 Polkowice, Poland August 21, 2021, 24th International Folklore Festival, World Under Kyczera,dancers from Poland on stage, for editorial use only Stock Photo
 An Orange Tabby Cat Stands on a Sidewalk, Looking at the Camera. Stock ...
--
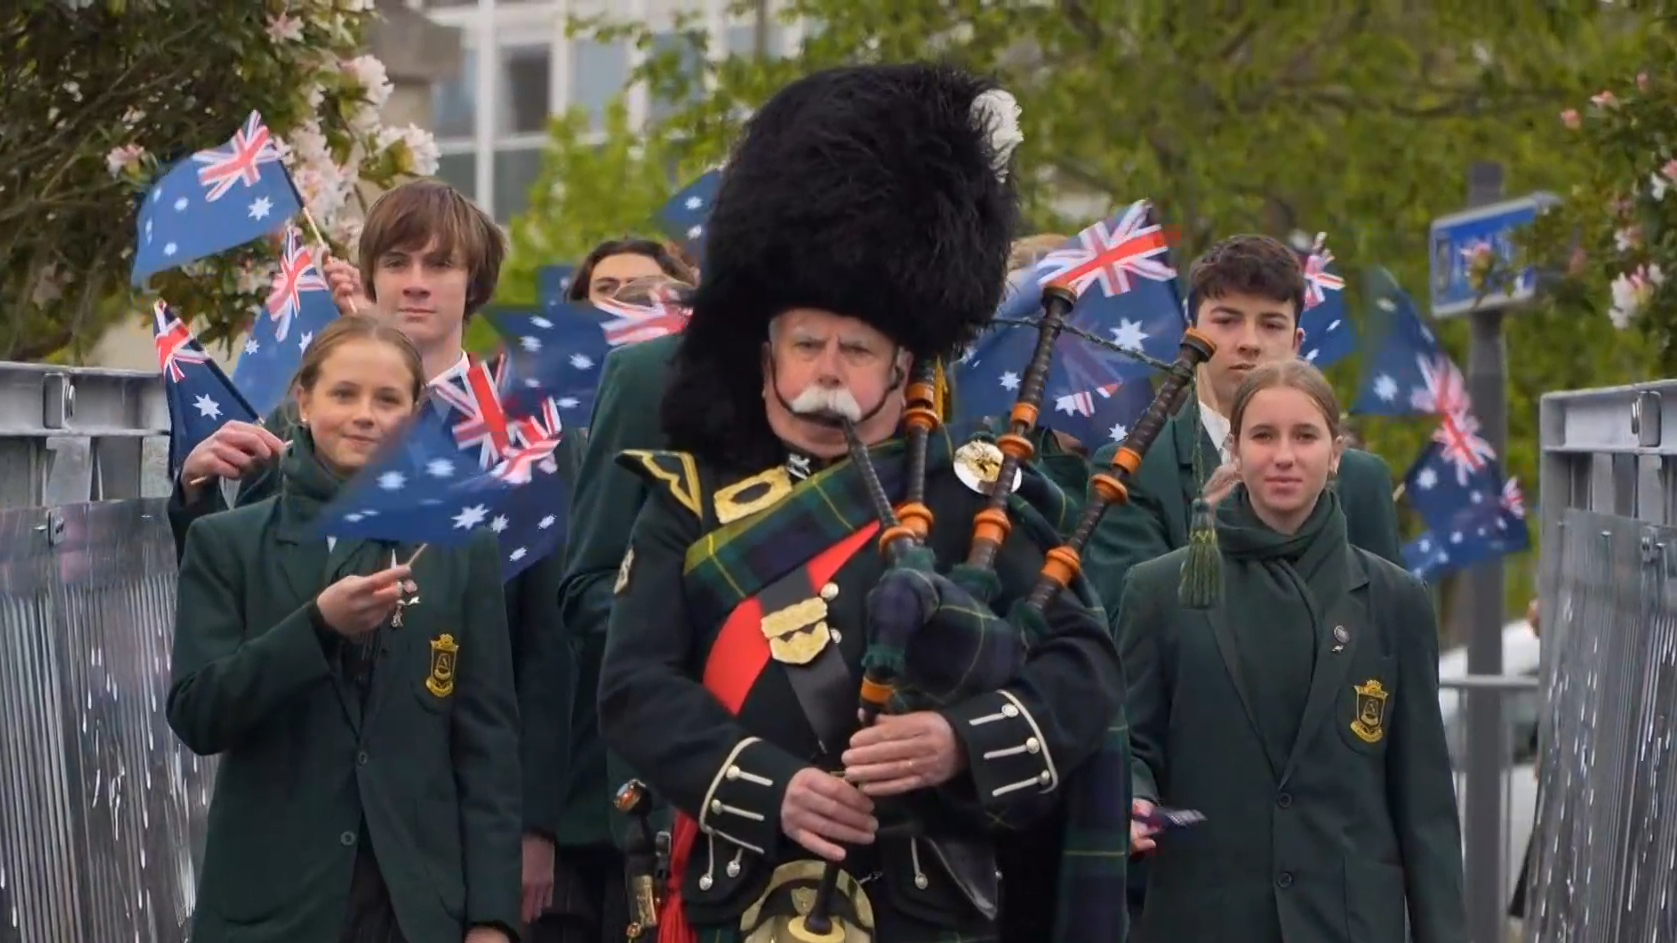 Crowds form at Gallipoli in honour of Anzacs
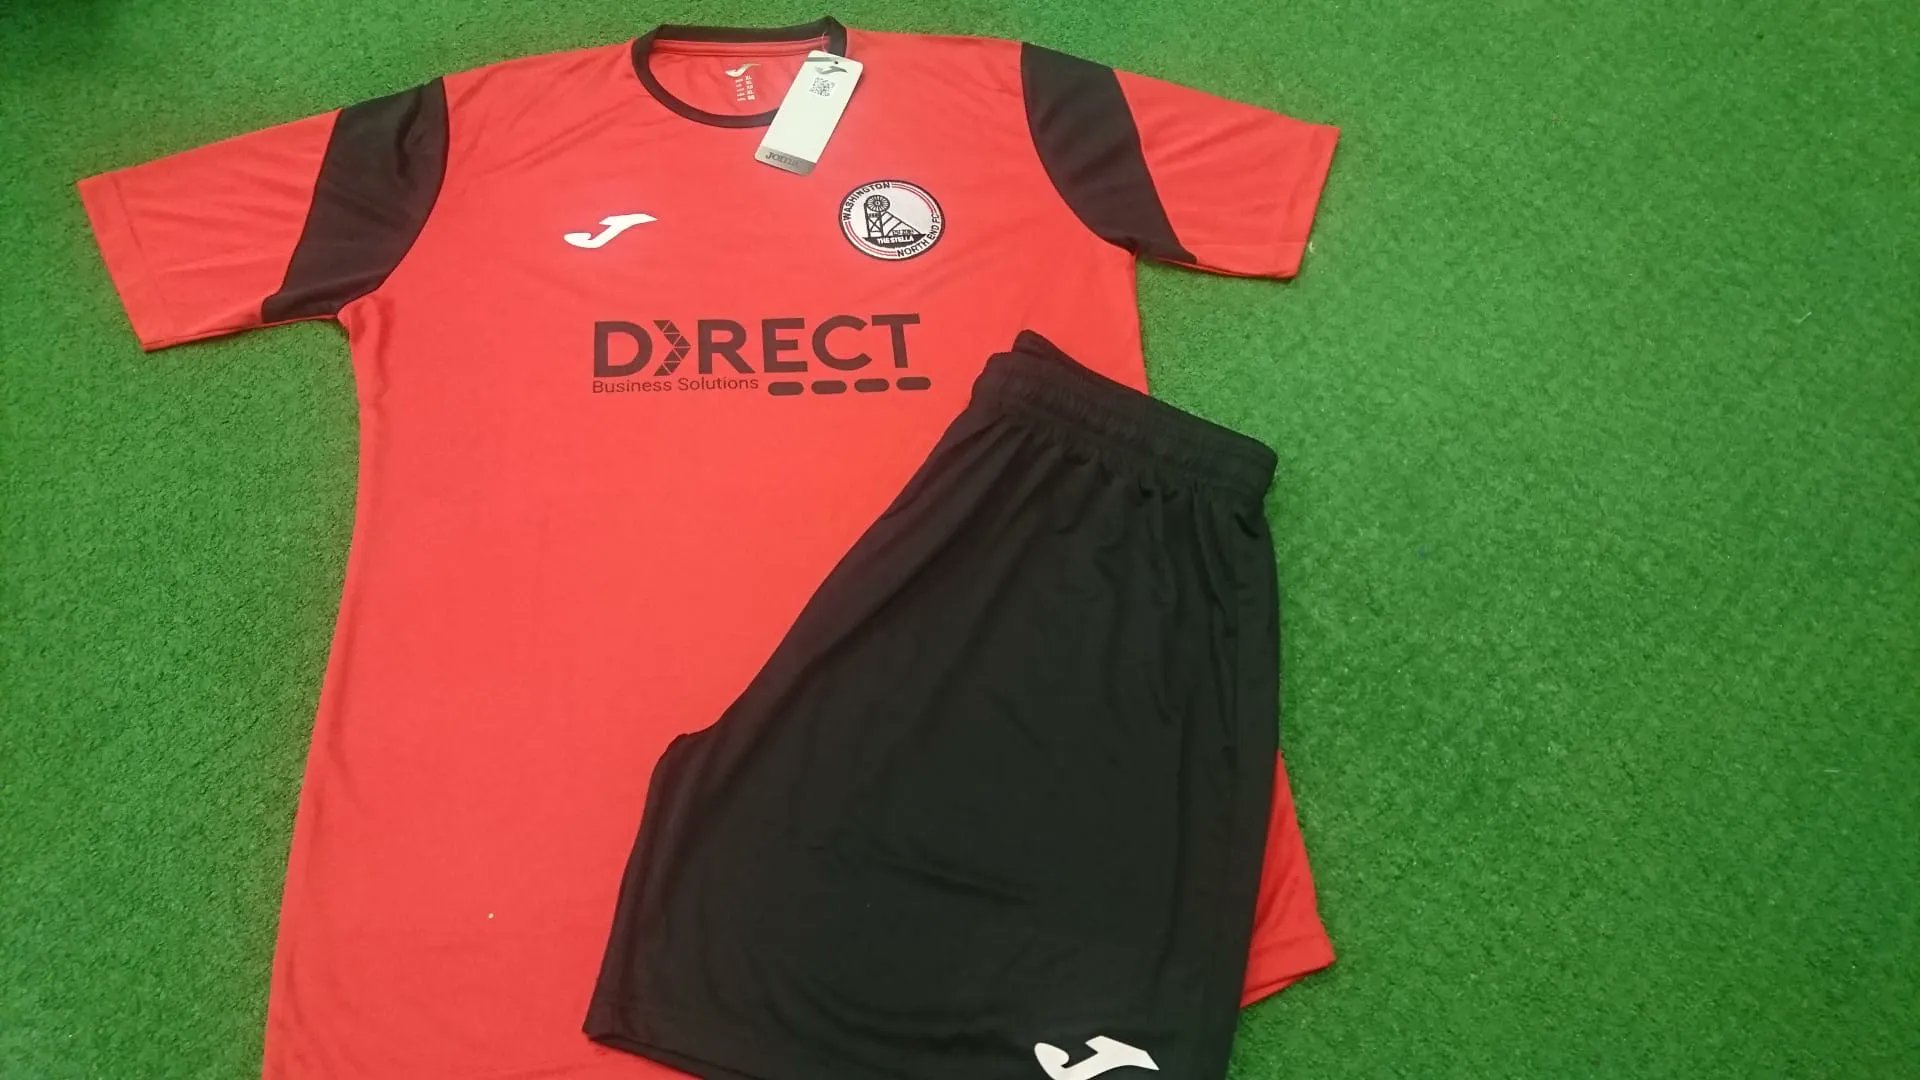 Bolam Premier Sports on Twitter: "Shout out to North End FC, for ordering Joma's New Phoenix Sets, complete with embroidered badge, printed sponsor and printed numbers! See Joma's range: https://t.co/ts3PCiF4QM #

## HOW TO COMPLETE THIS TASK
Which of the lines in the data contain the string "Stock"? Return each one.

## EXERCISE RESULT
 Polkowice, Poland August 21, 2021, 24th International Folklore Festival, World Under Kyczera,dancers from Poland on stage, for editorial use only Stock Photo
 An Orange Tabby Cat Stands on a Sidewalk, Looking at the Camera. Stock ...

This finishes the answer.